● **Assignment**
A faithful copy of the listing below is needed, with its pictures left out.

++++ Collected material ++++

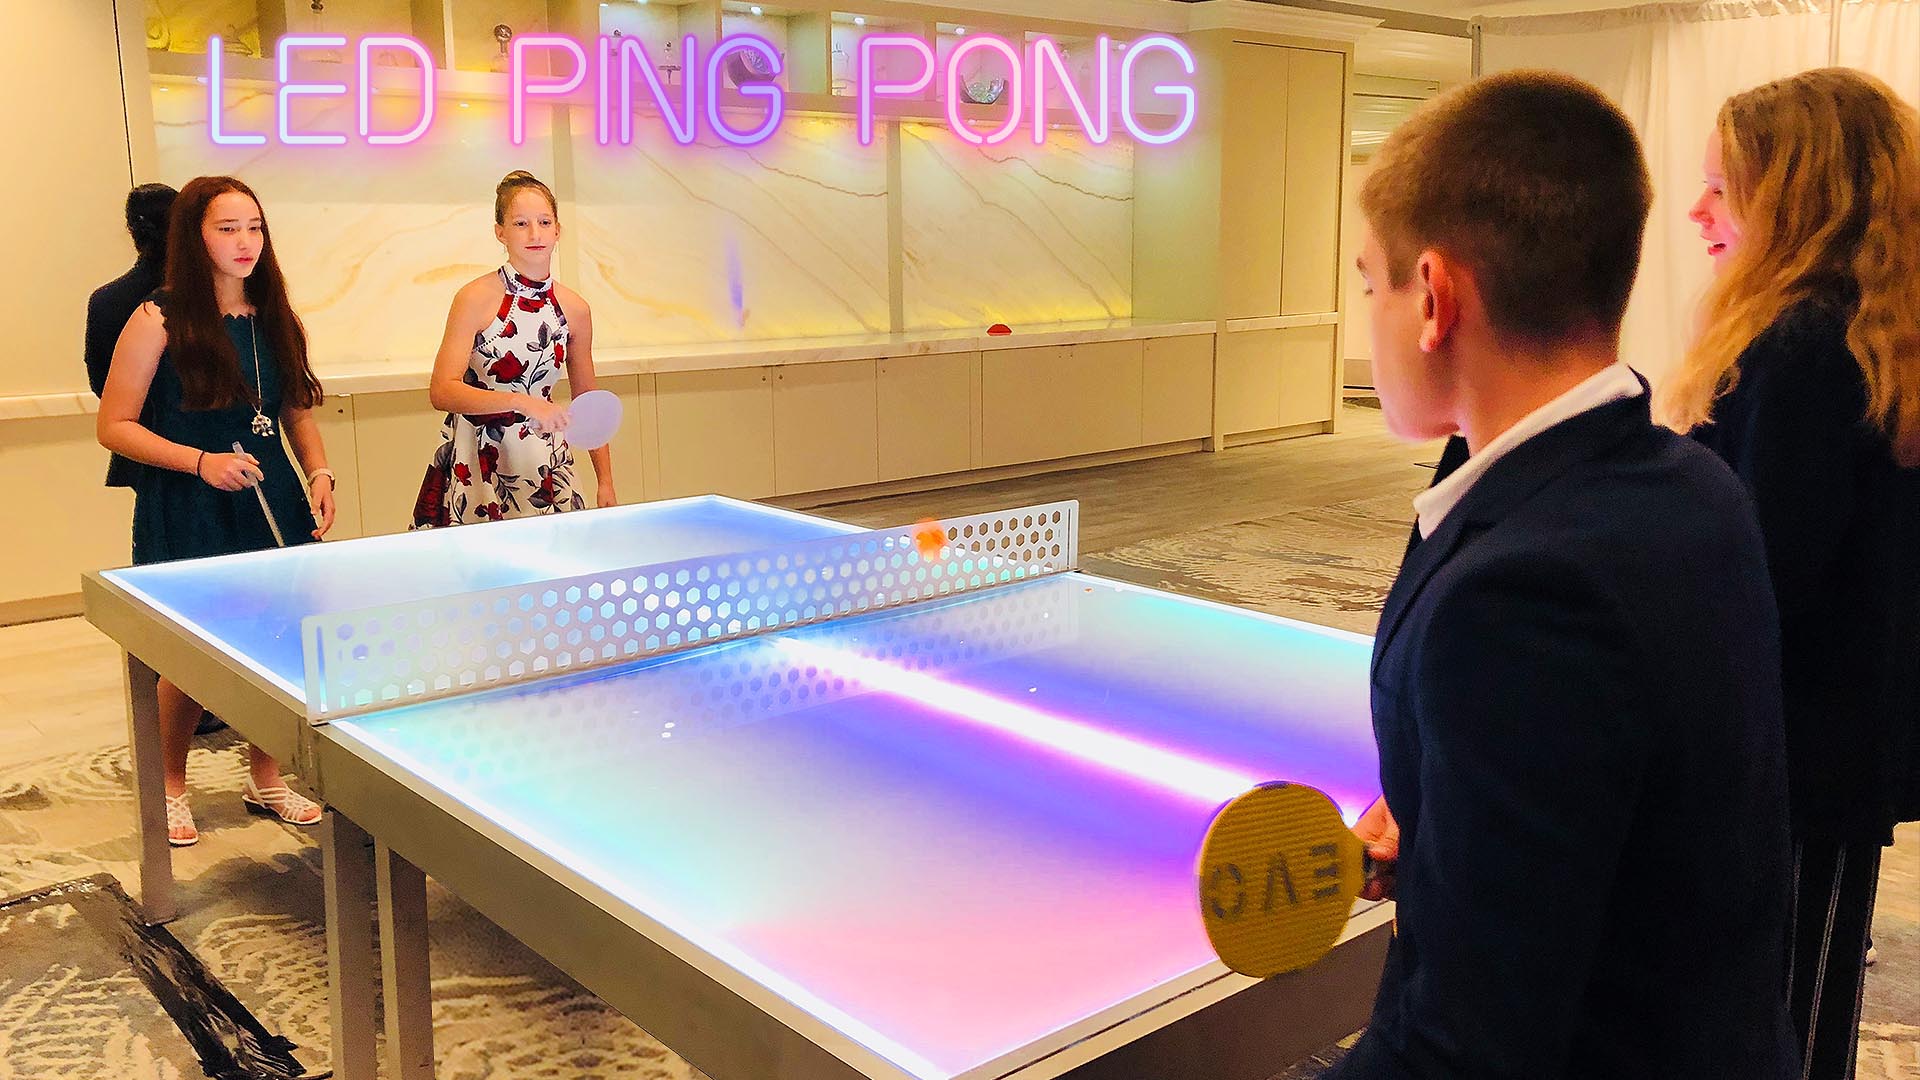 Ping Pong Tables Miami, Table Tennis Miami
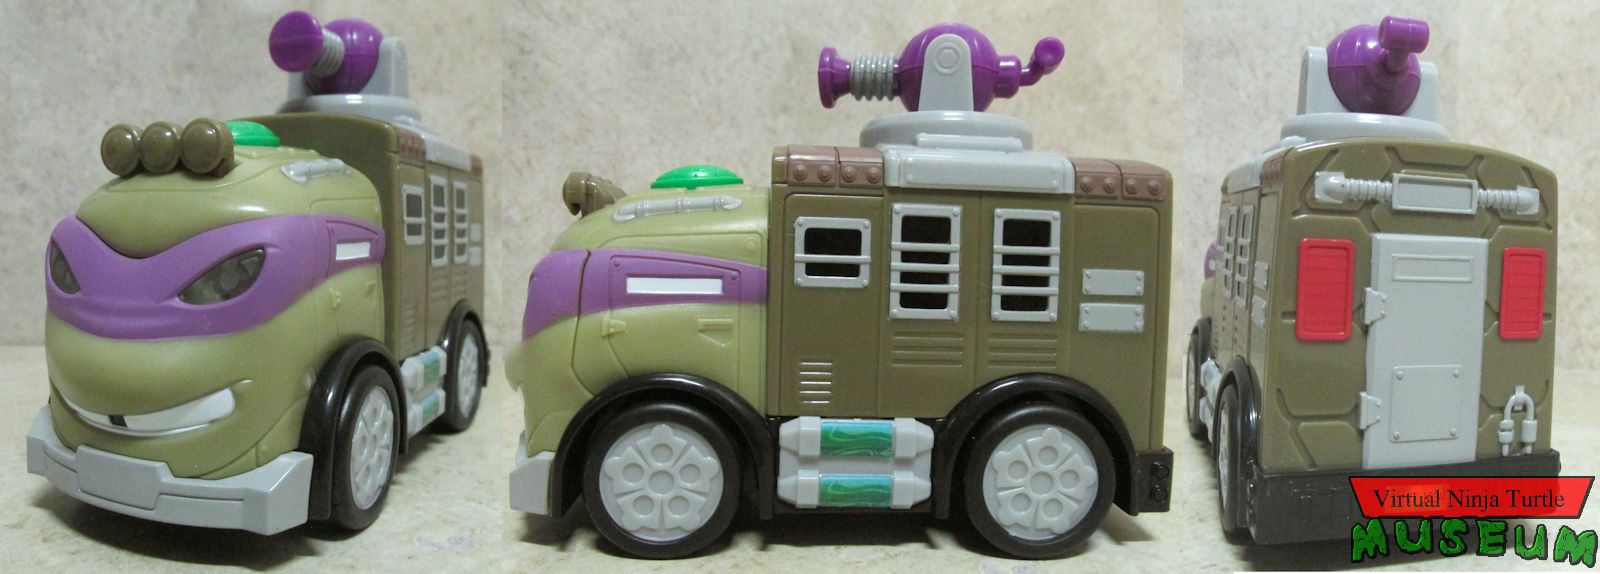 Donatello's Combat Truck
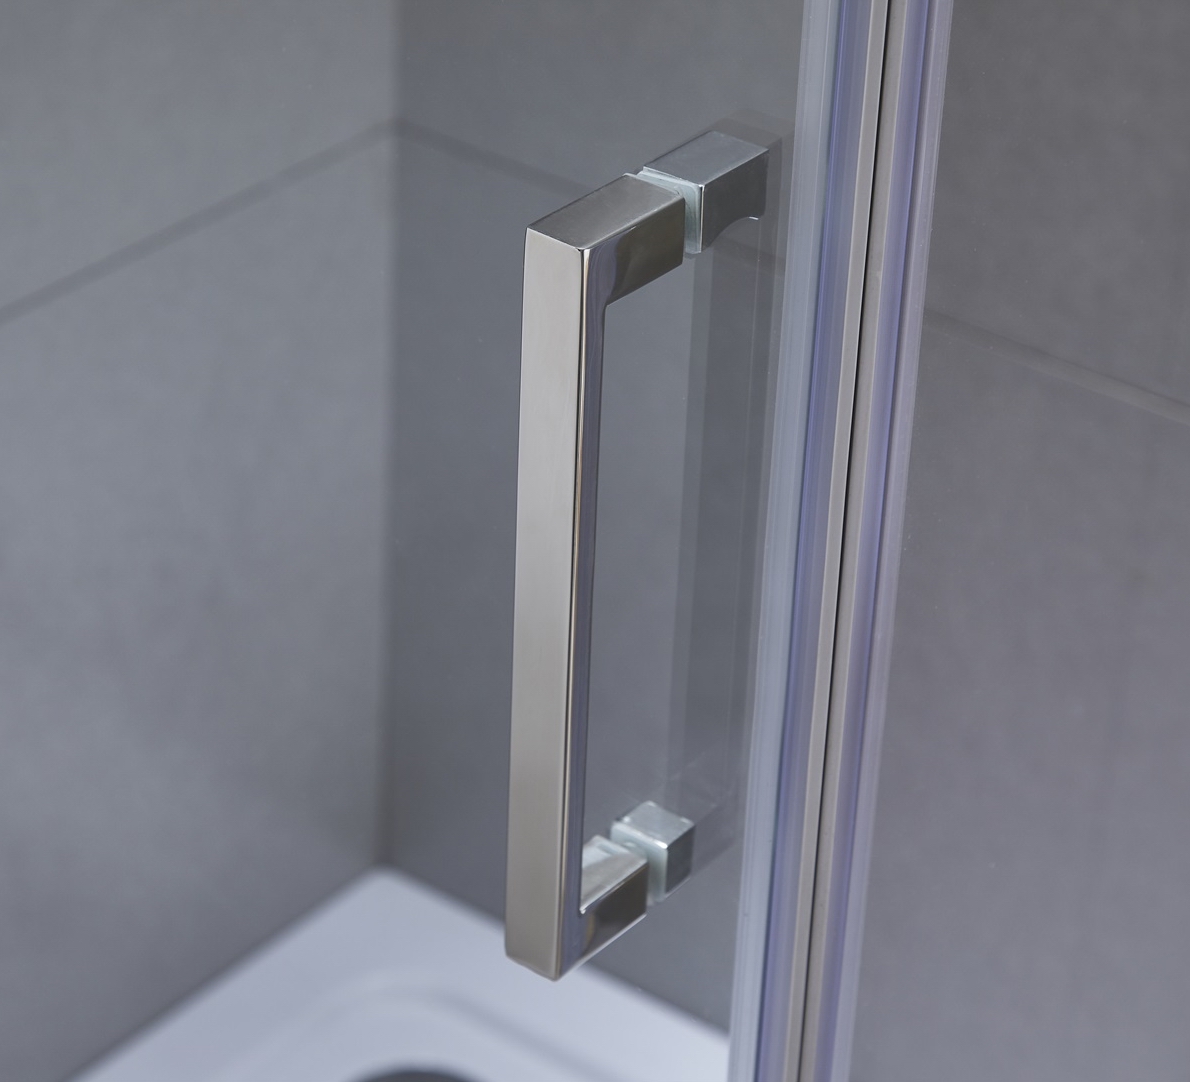 Bathroom Pivot Folding Glass Door Aluminum Shower Door Enclosure And Base Shower Tray

++++

● **Solution to this exercise**
 Ping Pong Tables Miami, Table Tennis Miami
 Donatello's Combat Truck
 Bathroom Pivot Folding Glass Door Aluminum Shower Door Enclosure And Base Shower Tray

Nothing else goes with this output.